Medical Marijuana and Cannabidiol Research Expansion Act
- Long title: To expand research on cannabidiol and marijuana, and for other purposes.
- Enacted by: the 117th United States Congress
- Effective: December 2, 2022

Citations
- Public law: Pub. L. 117–215 (text) (PDF)
- Statutes at Large: 136 Stat. 2257

Legislative history
- Introduced in the House as H.R. 8454 by Earl Blumenauer (D–OR) on July 21, 2022; Passed the House on July 26, 2022 (325–95); Passed the Senate on November 16, 2022 (voice vote) ; Signed into law by President Joe Biden on December 2, 2022;

= Medical Marijuana and Cannabidiol Research Expansion Act =

2022 Act of the United States Congress

The Medical Marijuana and Cannabidiol Research Expansion Act is an Act of Congress allowing medical research on cannabis. The act is "the first standalone marijuana-related bill approved by both chambers of the United States Congress".

==History==
The bill was introduced in the Senate February 4, 2021, by Senators Dianne Feinstein (D) of California, Brian Schatz (D) of Hawaii, and Chuck Grassley (R) of Iowa as S.253; it was forwarded unanimously by the Senate Committee on the Judiciary and passed by Senate unanimously on March 24, 2022. A new bill with minor changes was introduced in House on July 21, 2022, by four Republicans and two Democrats; Rep.

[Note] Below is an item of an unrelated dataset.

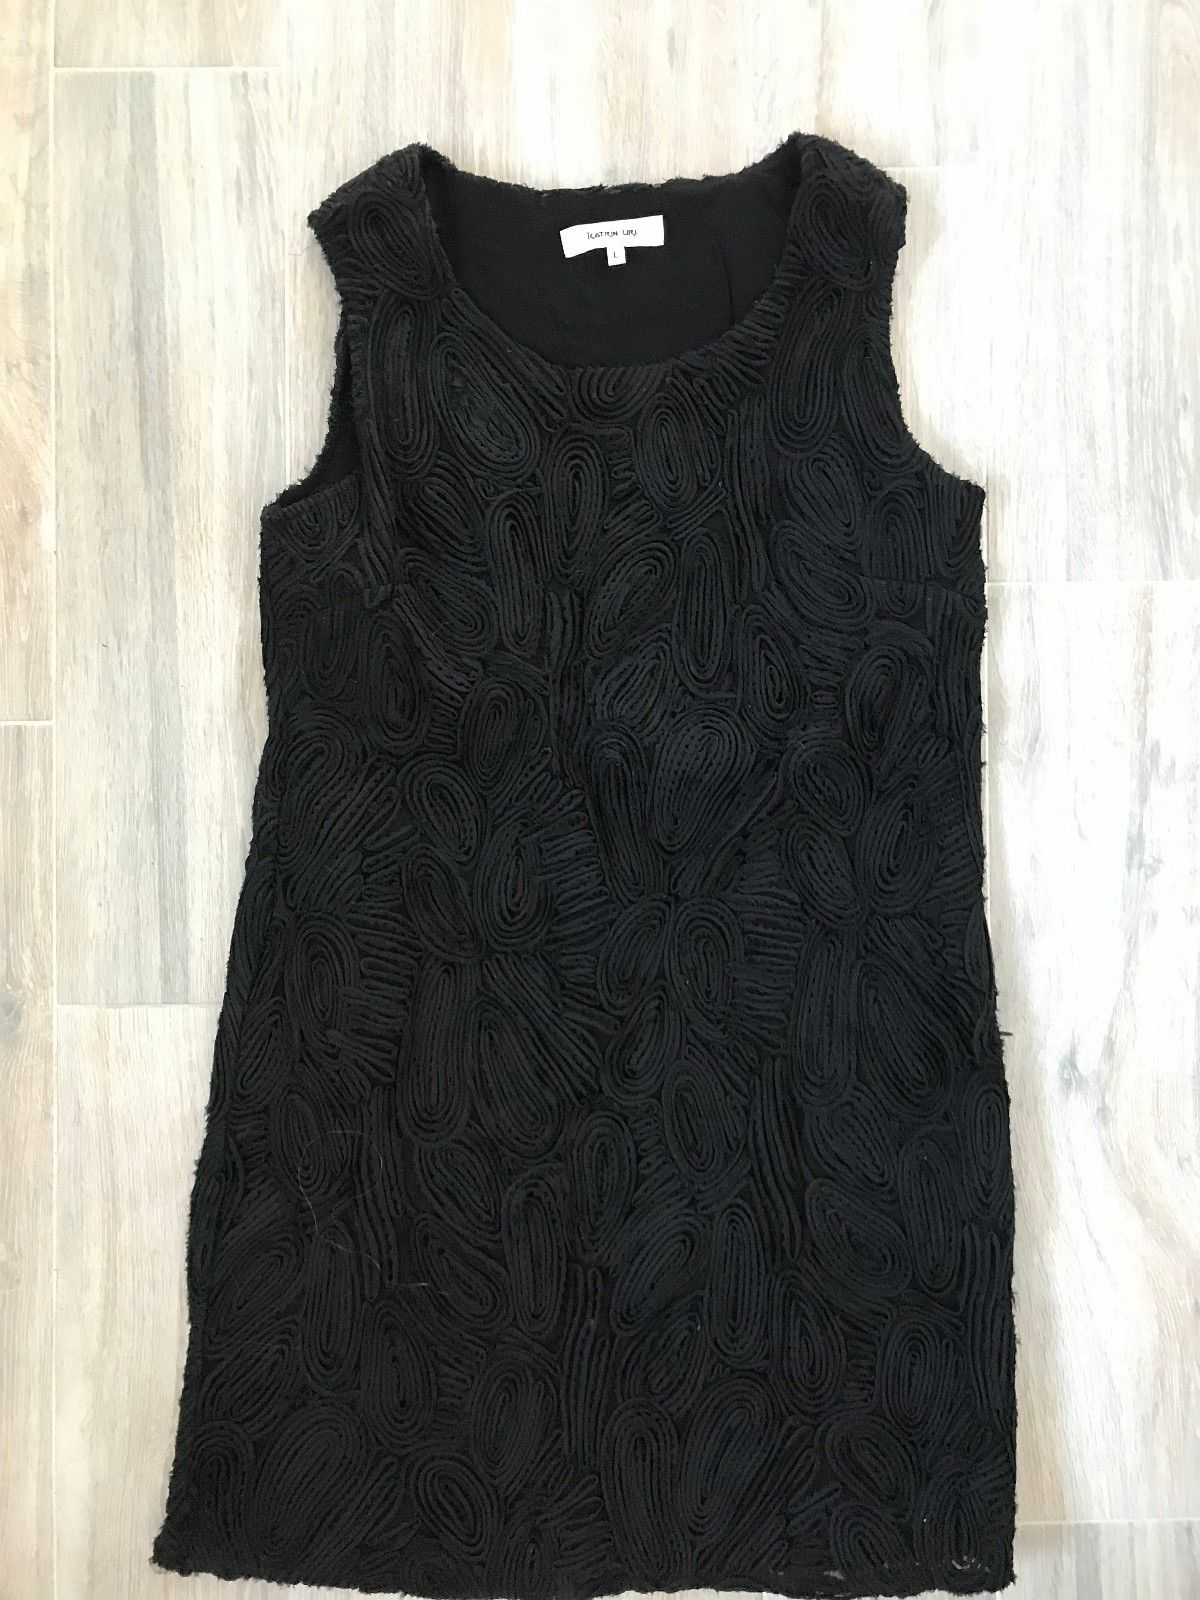 Katrin Uri kjole str L   FINN.no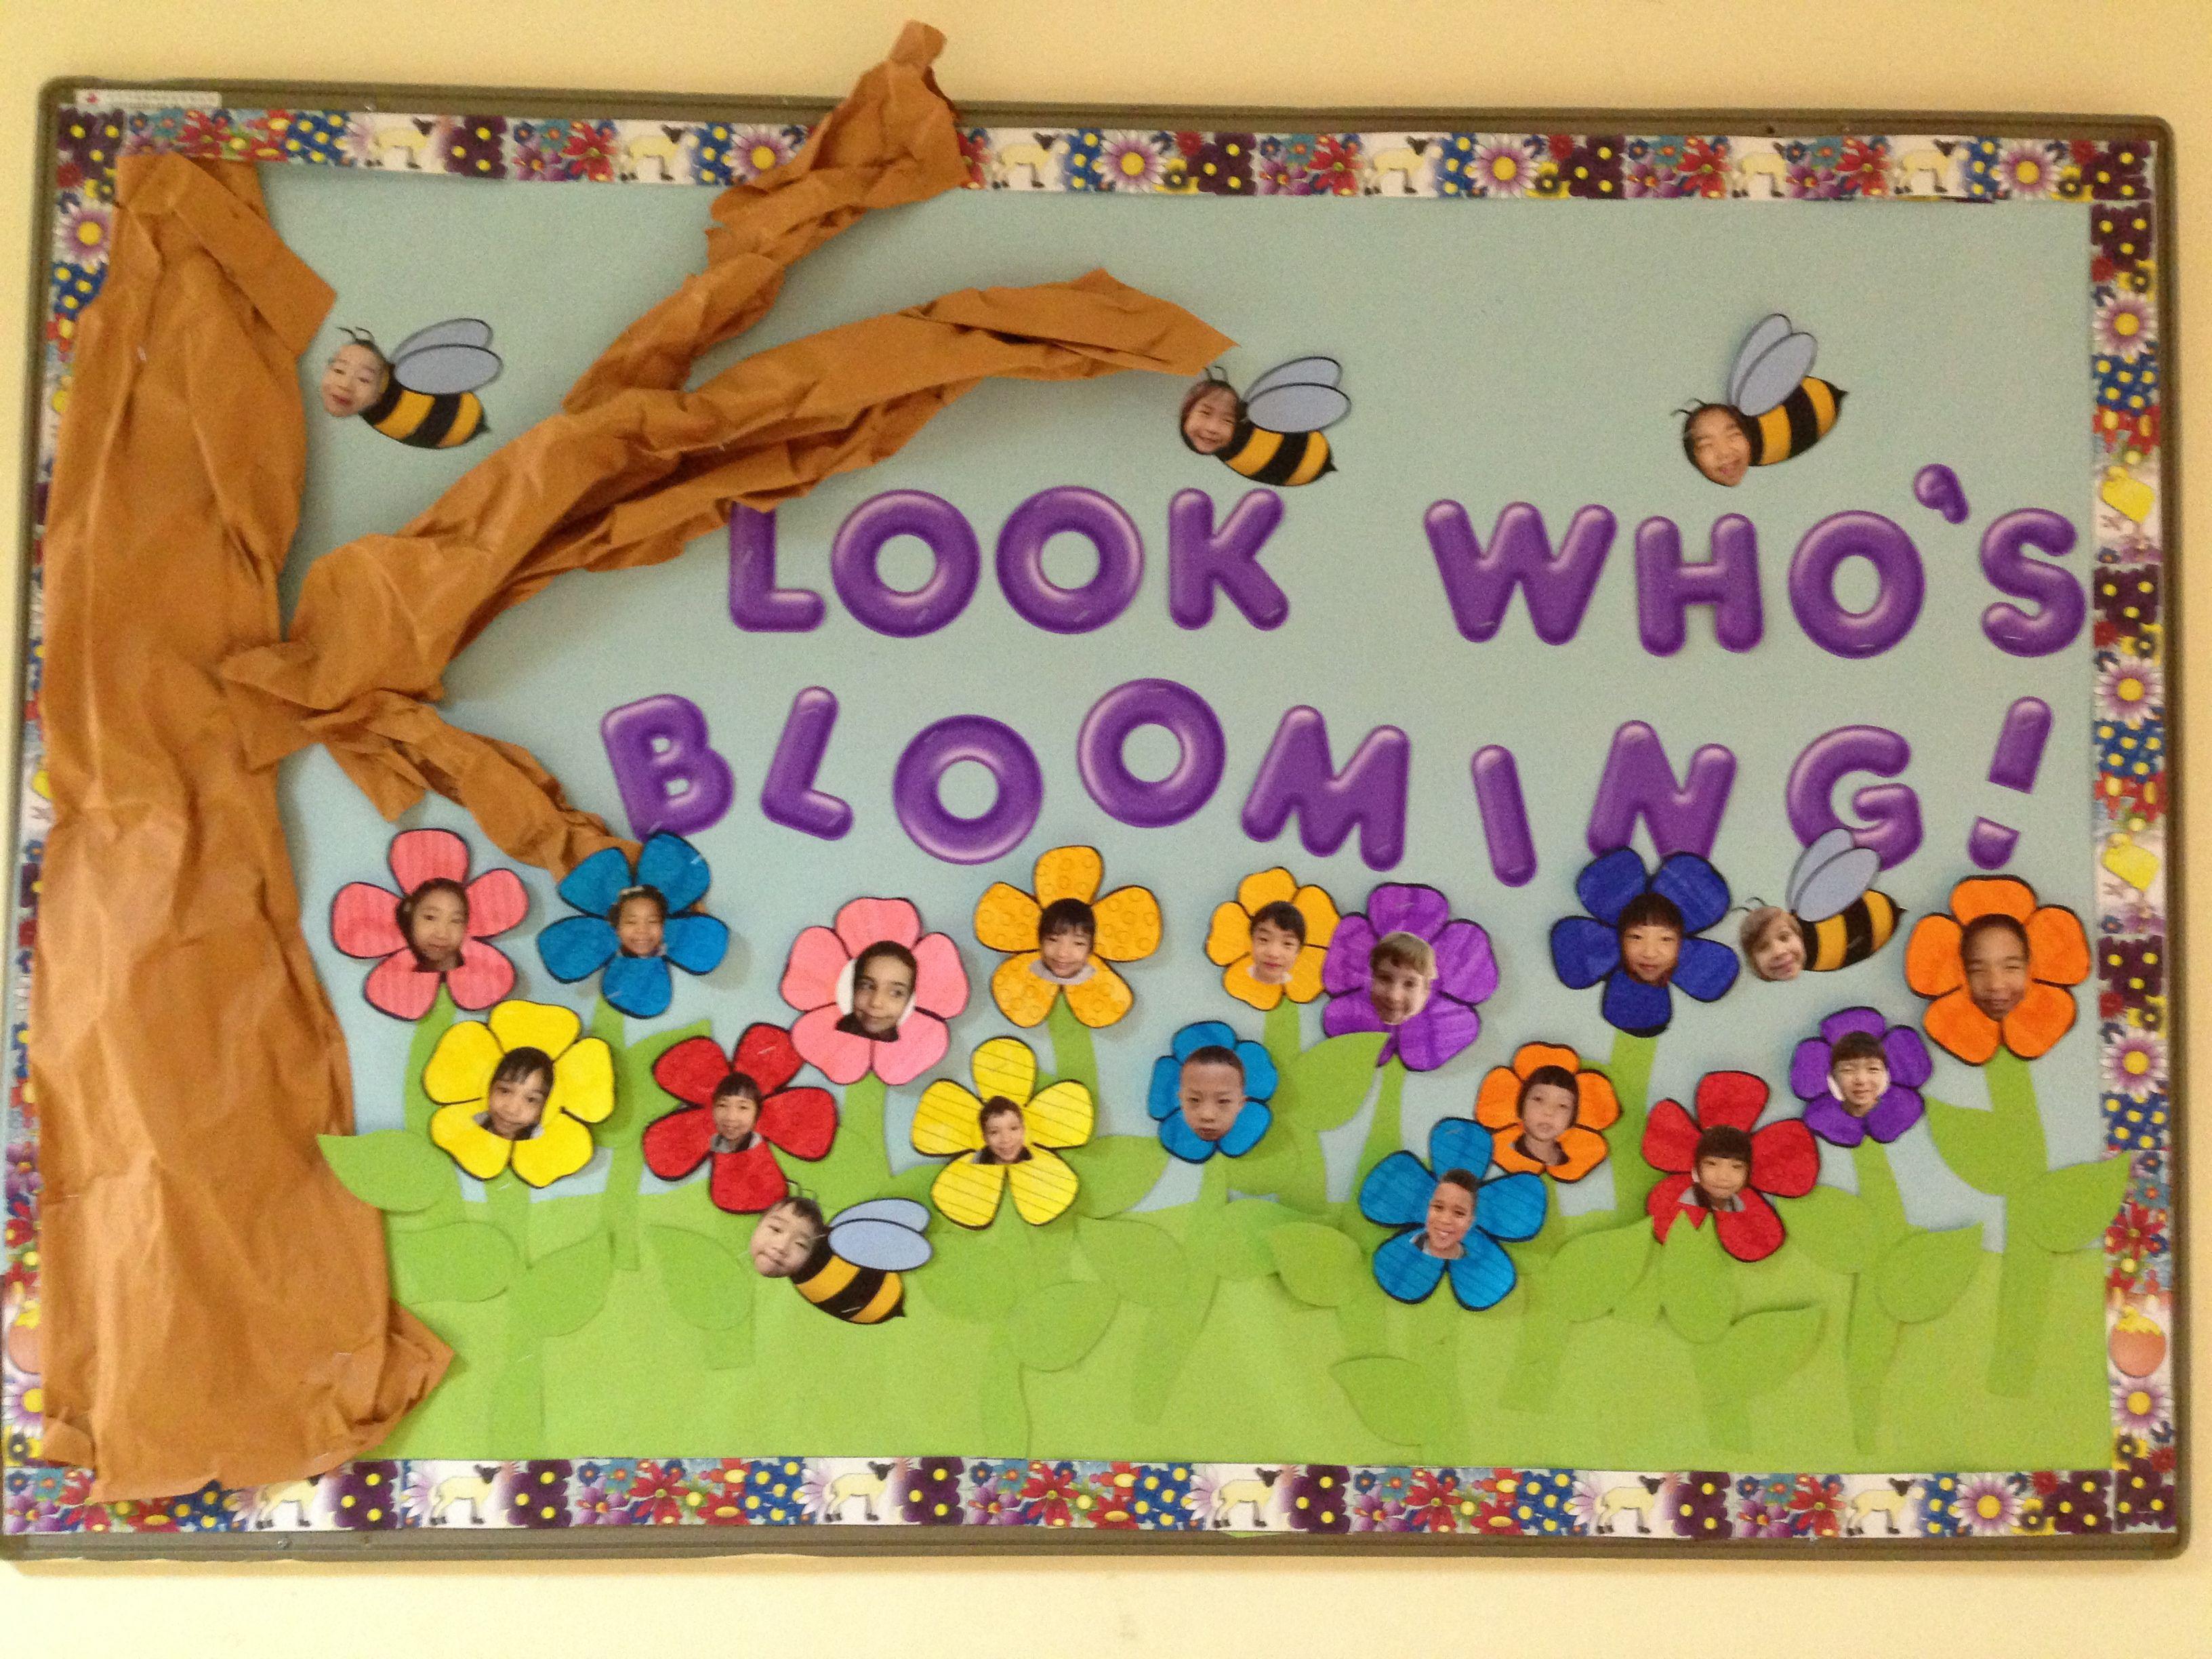 Pin By Zenaida Gorospe On Bulletin Boards Spring Bulletin Boards Preschool Spring Bulletin Boards Spring Bulletin

Earl Blumenauer of Oregon was the lead sponsor. It was passed by House under suspension of the rules 395-25 five days later. On November 16, 2022, the Senate passed the House bill by voice vote and sent it to the President to be signed into law. President Biden signed the bill into law on December 2, 2022.

==Provisions==
The act requires the Drug Enforcement Administration to register researchers and suppliers of cannabis for medical research in a timely manner, who will then be able to legally manufacture, distribute, dispense and possess the substance. It also creates a mechanism for FDA approval of drugs derived from the cannabis plant and "[p]rotects doctors who may now discuss the harms and benefits of using cannabis and cannabis derivatives." (Note: Title III states "It shall not be a violation of the Controlled Substances Act (21 U.S.C. 801 et seq.) for a State-licensed physician to discuss—(1) the currently known potential harms and benefits of marijuana derivatives, including cannabidiol, as a treatment with the legal guardian of the patient of the physician if the patient is a child; or (2) the currently known potential harms and benefits of marijuana and marijuana derivatives, including cannabidiol, as a treatment with the patient or the legal guardian of the patient of the physician if the patient is a legal adult.") It also requires the Department of Health and Human Services to investigate the medical utility of cannabis and barriers that exist to conducting research, and requires the Attorney General to conduct an annual review to ensure that cannabis is being adequately produced for research purposes.